Architect Tan Cheng Siong was one of them.

But unlike his countrymen, Tan was also frustrated at how city planners were planning to accommodate the population increase – by reclaiming even more land from the sea. In just under five decades, Singapore had expanded by over a fifth from its original 587 square kilometres through land reclamation. It is a tried-and-tested plan that will generate land zoned into plots for singular uses like residential or commerce. However, Tan, who is also trained in urban planning, concludes that “this method of planning is wrong.”

Instead, he has a better solution: Reclaim land from the skies.

“Skyland” is the snazzy term he has coined for this alternate vision.

The theory is seemingly simple: by building a network of decks that float above Singapore’s existing roads and open land, the city could free up land below and generate space above.
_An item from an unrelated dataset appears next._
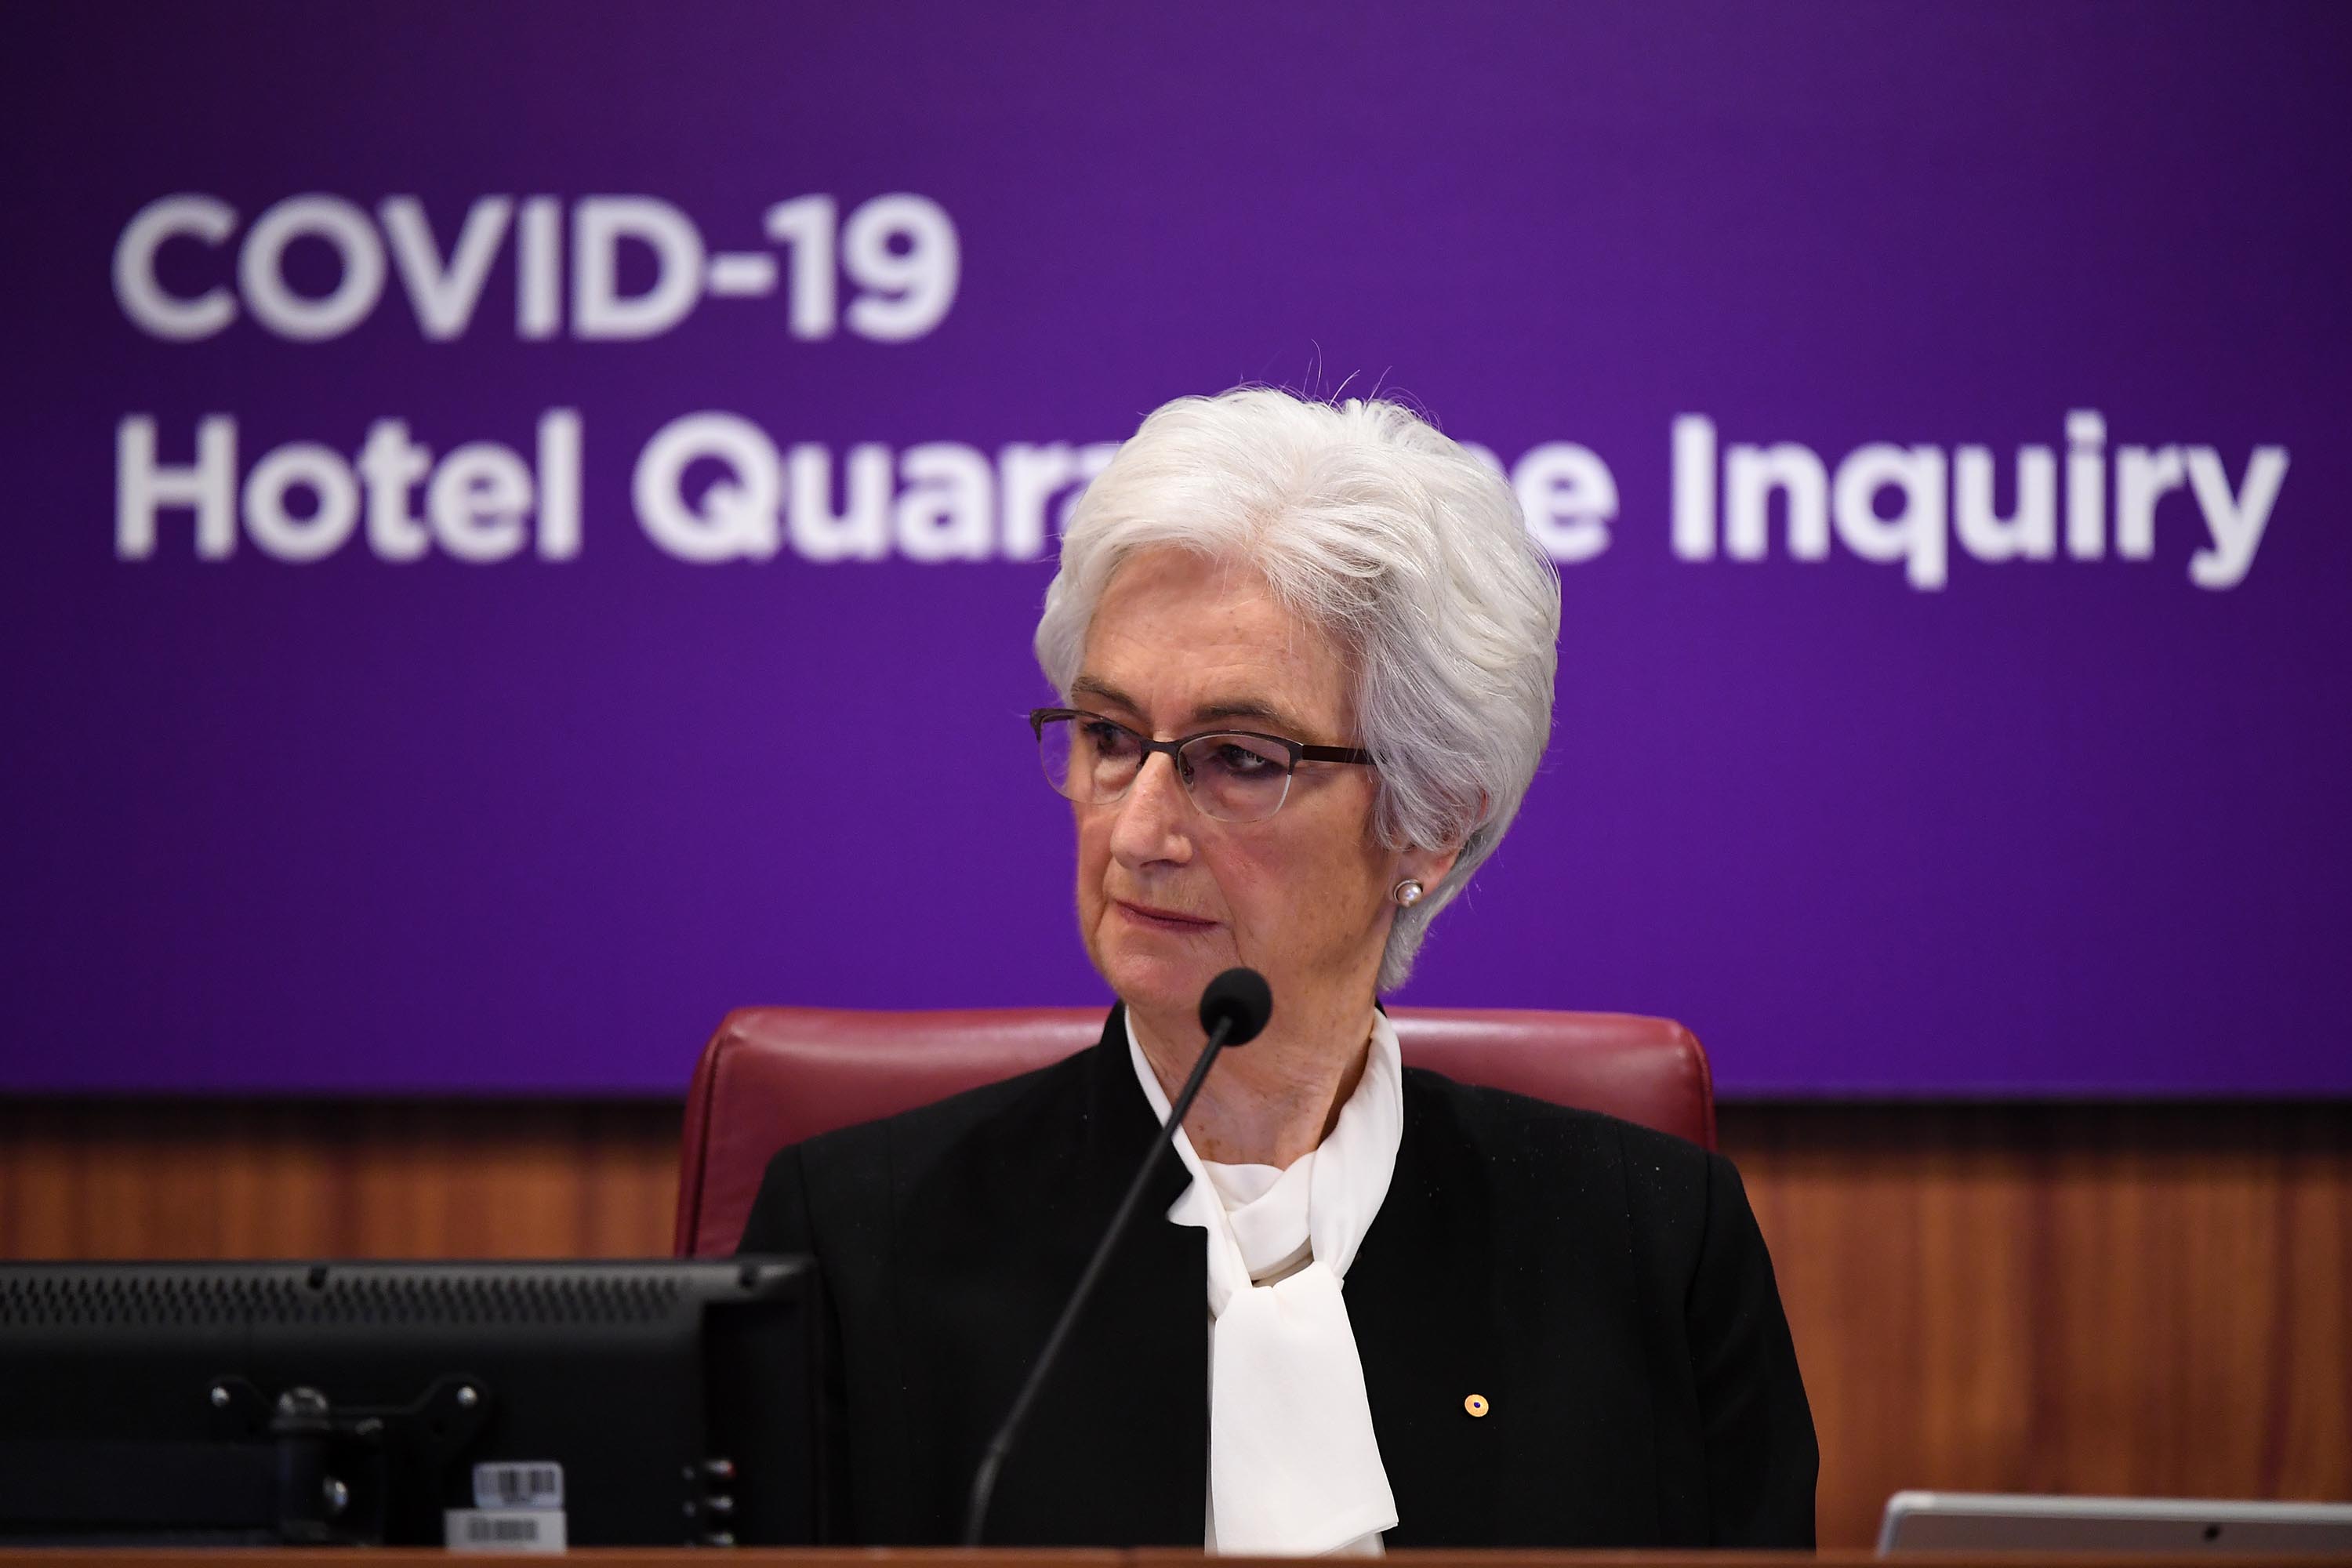 The Honourable Jennifer Coate AO speaks during opening statements for the COVID-19 Hotel Quarantine Inquiry in Melbourne, Australia, on July 20.

“It’s a question of space, transportation, and an ageing population. How do you cater for all these needs with the old structure, with the old framework?” he asked. “So I said, since land is so important, then let’s make land.”
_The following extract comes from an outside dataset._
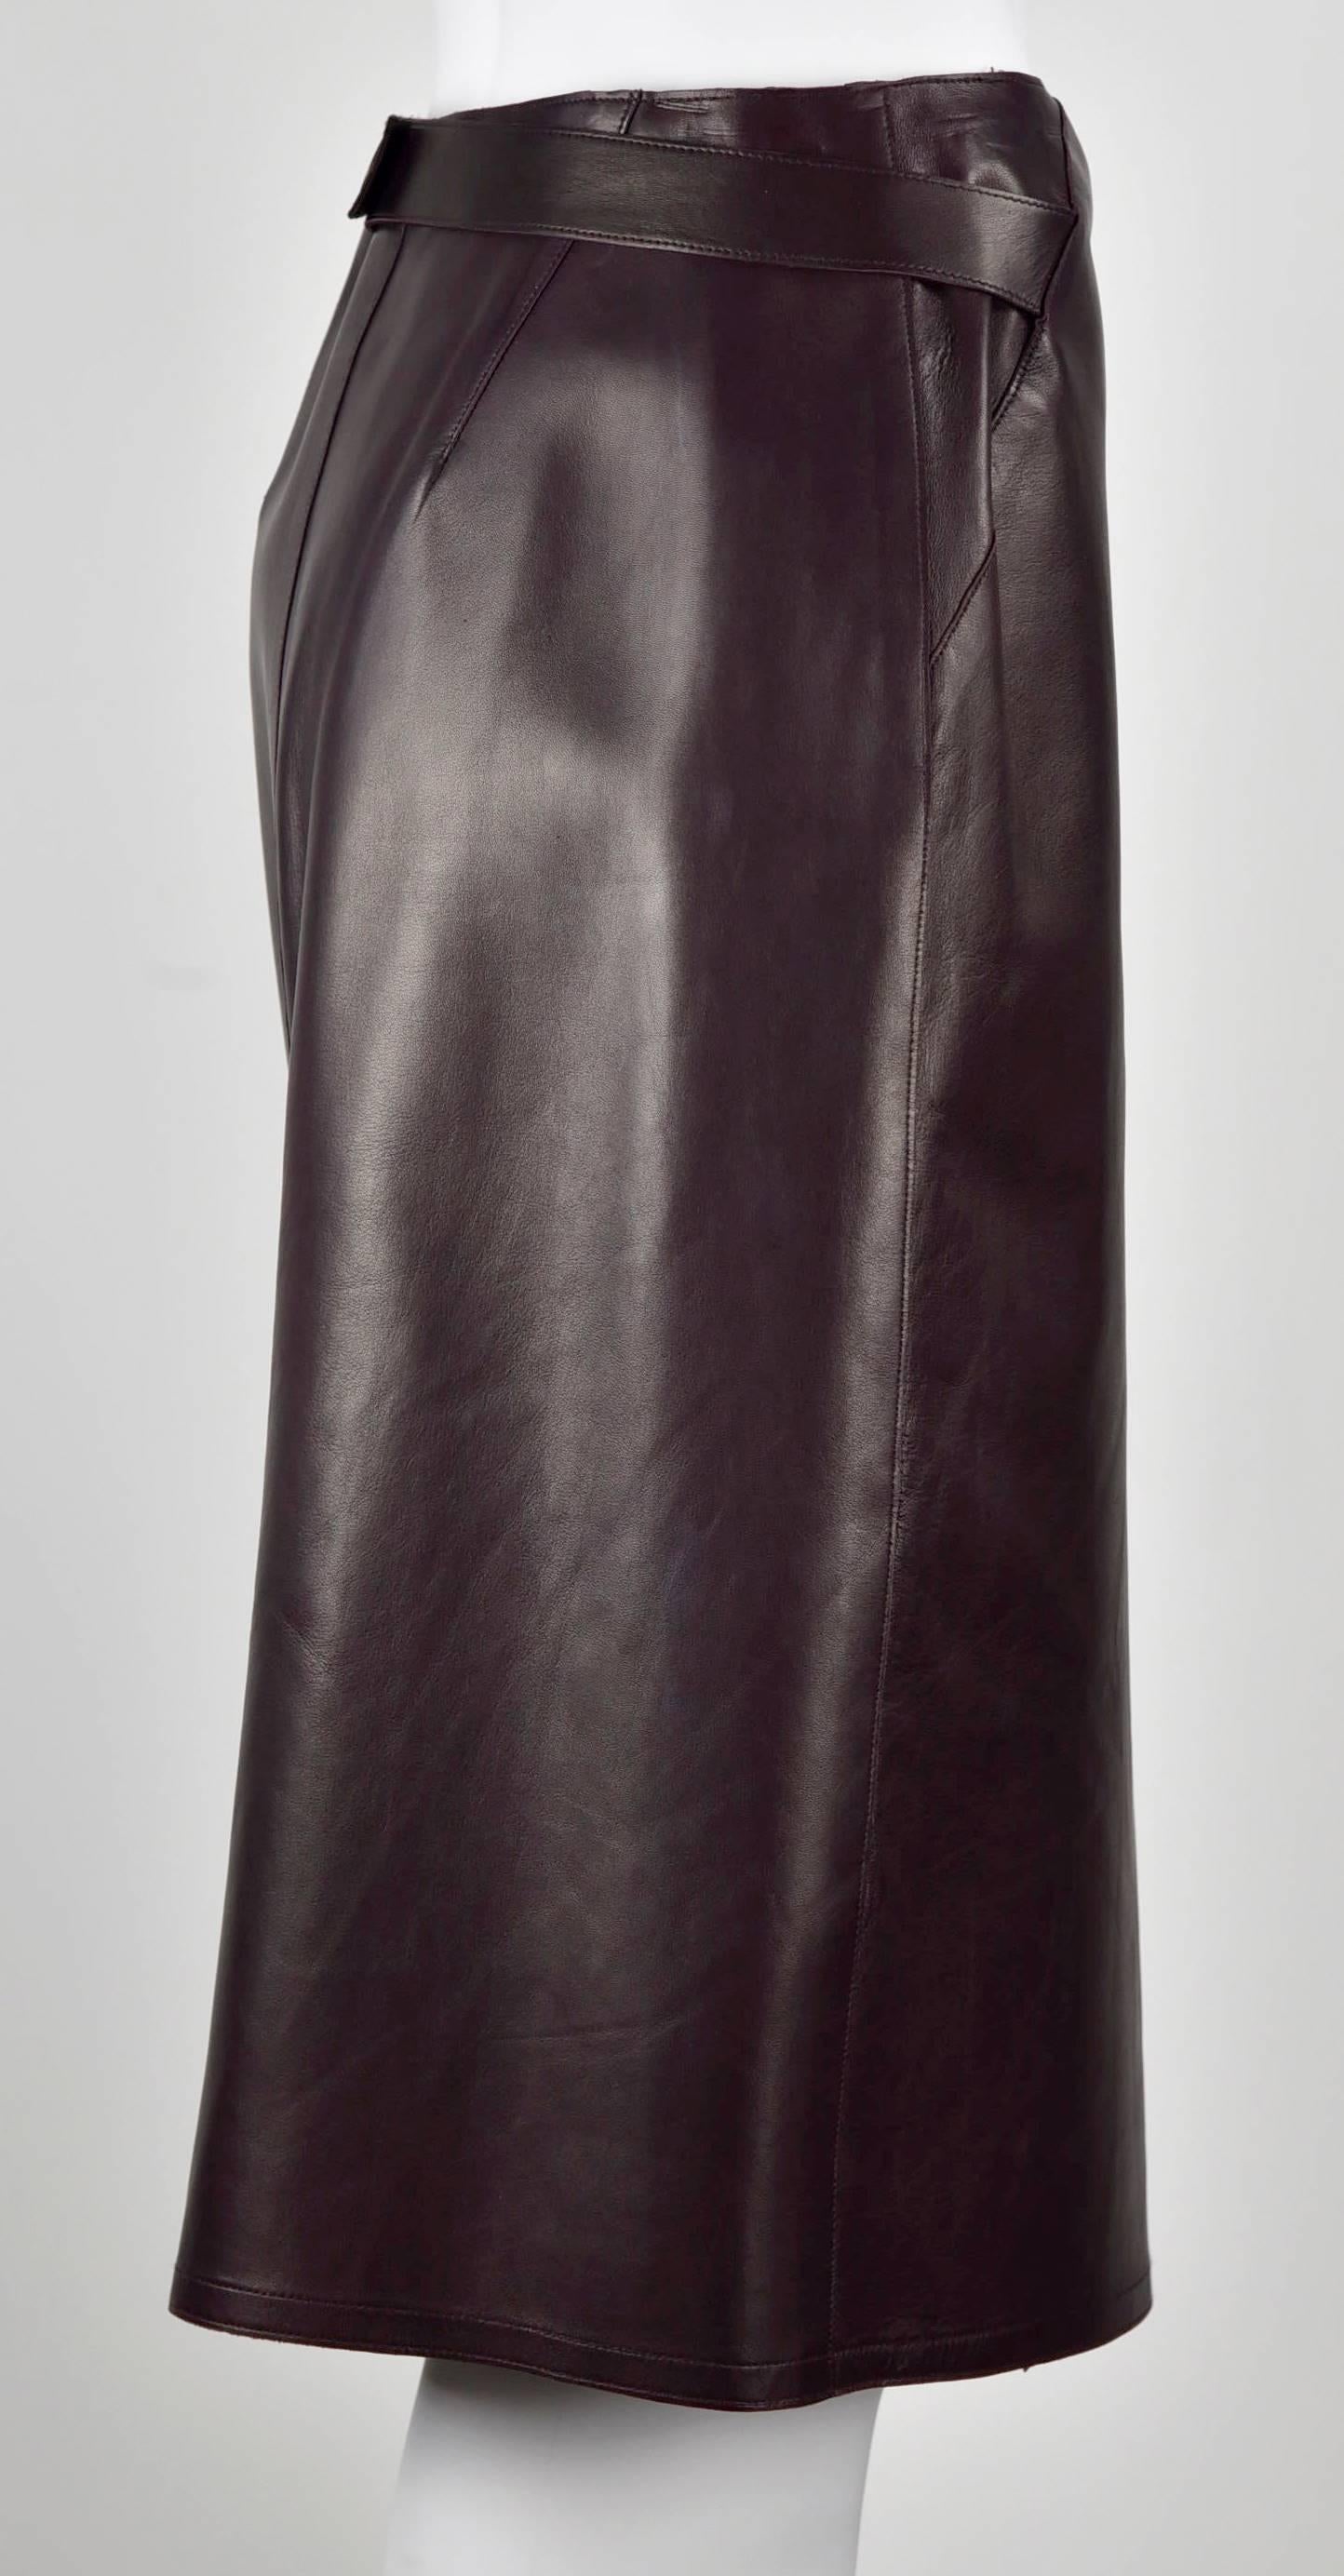   This skirt is a gorgeous aubergine color that works nicely with black jackets.  Measurements are:  Height 24", Waist 28", Hips 38" and wrapped Hem 42' A-line. 100% lambskin. A wrap skirt sometimes needs alteration adjustment to

Just imagine the SkyPark at Marina Bay Sands or skybridge of Pinnacle@Duxton connected across the city. But instead of offering just views and gardens, Skyland’s decks would be for citizens to develop their homes. So instead of having to live in ever higher residences or even underground one day, Singaporeans would buy a plot of Skyland for 99 years to build homes with modular units for their individual needs.

The decks also promise to help the city rise above its current transport issues. The rising popularity of bicycles and personal mobility devices is putting a strain on a transport system designed only for cars and pedestrians. Skyland’s elevated decks will be separated from the roads and will link up with the city’s growing mass rapid transit network, offering a fully pedestrianised network of “community decks” that allow Singaporeans to get around the city safely and in greener ways.

Sci – fi or reality? 

Beyond a radical change in how the city will look, Skyland will alter how citizens value it. At present, over 80 per cent of Singapore residents live in high-rise public housing apartments that are already built for them. Skyland would not only flatten the city as apartment blocks no longer have to go so high, but switch Singapore from a home-owning to a land-owning society instead.
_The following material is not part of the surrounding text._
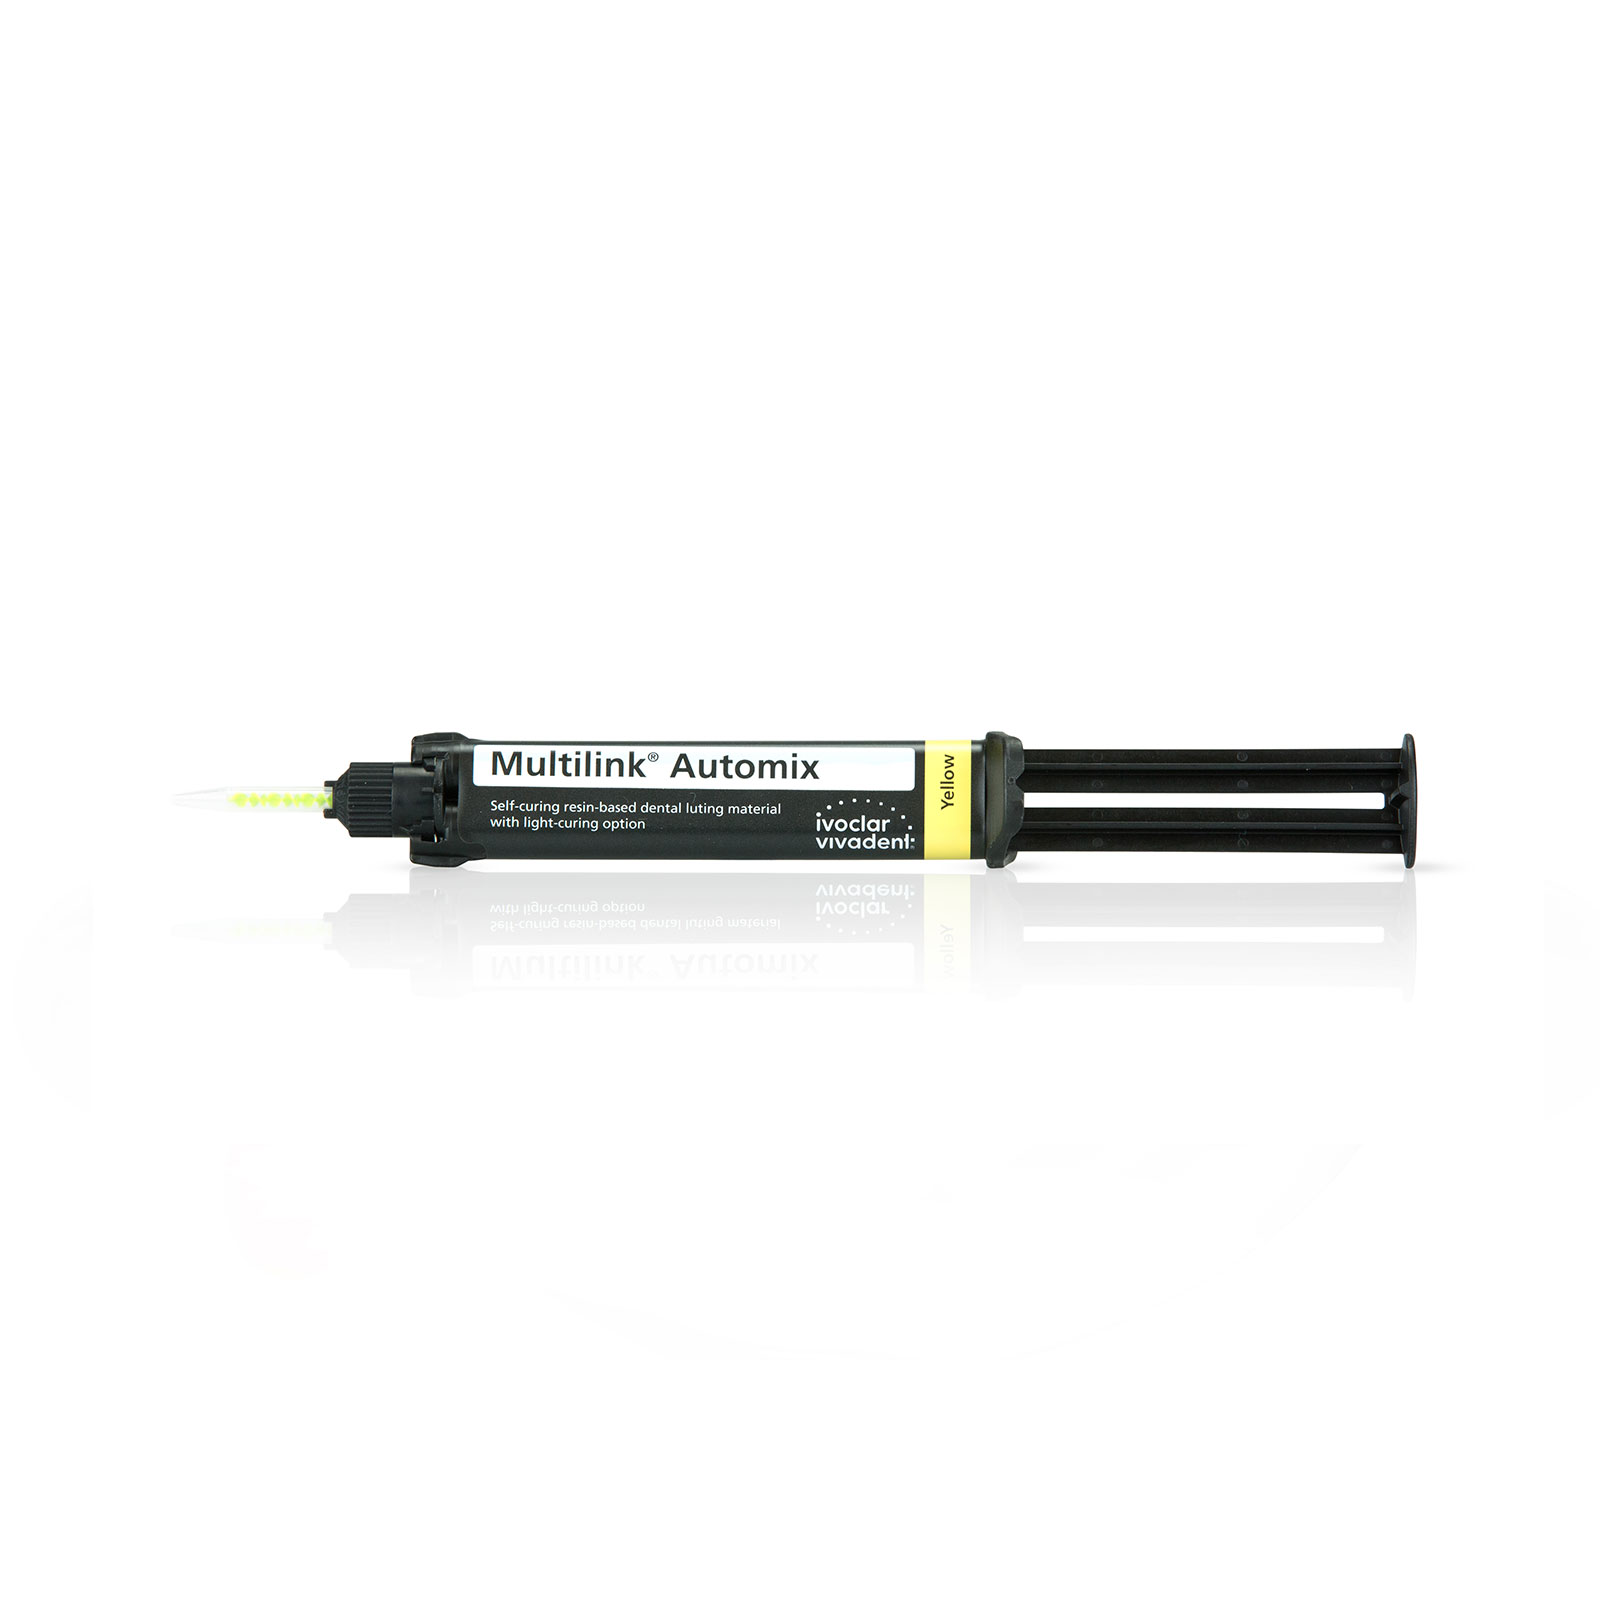 Multilink Automix Refill Yellow 9g

“They don’t have much value to the place [now] because it’s something they cannot change easily,” says Tan. “To him, it’s [always about] something new, he will stay there 2 to 3 years or 4 to 5 years, get fed up and sell it.”

This is something the close to 80-year-old architect has seen first-hand at Pearl Bank Apartments, the city’s pioneering super high-rise homes that he designed in 1970. This 38-storeys modernist marvel has become run down over the decades as residents world! move in and out, with many unwilling to commit the resources to up-keeping this cylindrical-shape property at the edge of Chinatown. Pearl Bank, which still stands as Singapore’s highest-density single residential block today, is a microcosm of what Tan fears his city is becoming.

To those who think Skyland is blue-sky thinking, Tan says the technology is already available and he has done his math. A one-kilometre stretch of Skyland would cost a $100 million, while connecting such decks to the city’s expanding train network of all 180 stations would total $19 billion—just a billion cheaper than what Singapore paid VTI to construct its latest Downtown Line extension.

The only obstacle left is convincing the government to build such a massive infrastructure. But it will not be the first time, says Tan, pointing out how the Singapore government single-handedly rehoused the population into low cost public housing five decades ago. “In Singapore, low cost housing was not wanted by the population [at first]. They wanted to stay in Chinatown, they wanted to stay in attap houses,” he adds. “Singapore is ripe, it has reached a maturity for something different.”

Skyland may seem revolutionary to many, but Tan calls his proposal “evolutionary”, the next step for a city that has become dense and overbuilt.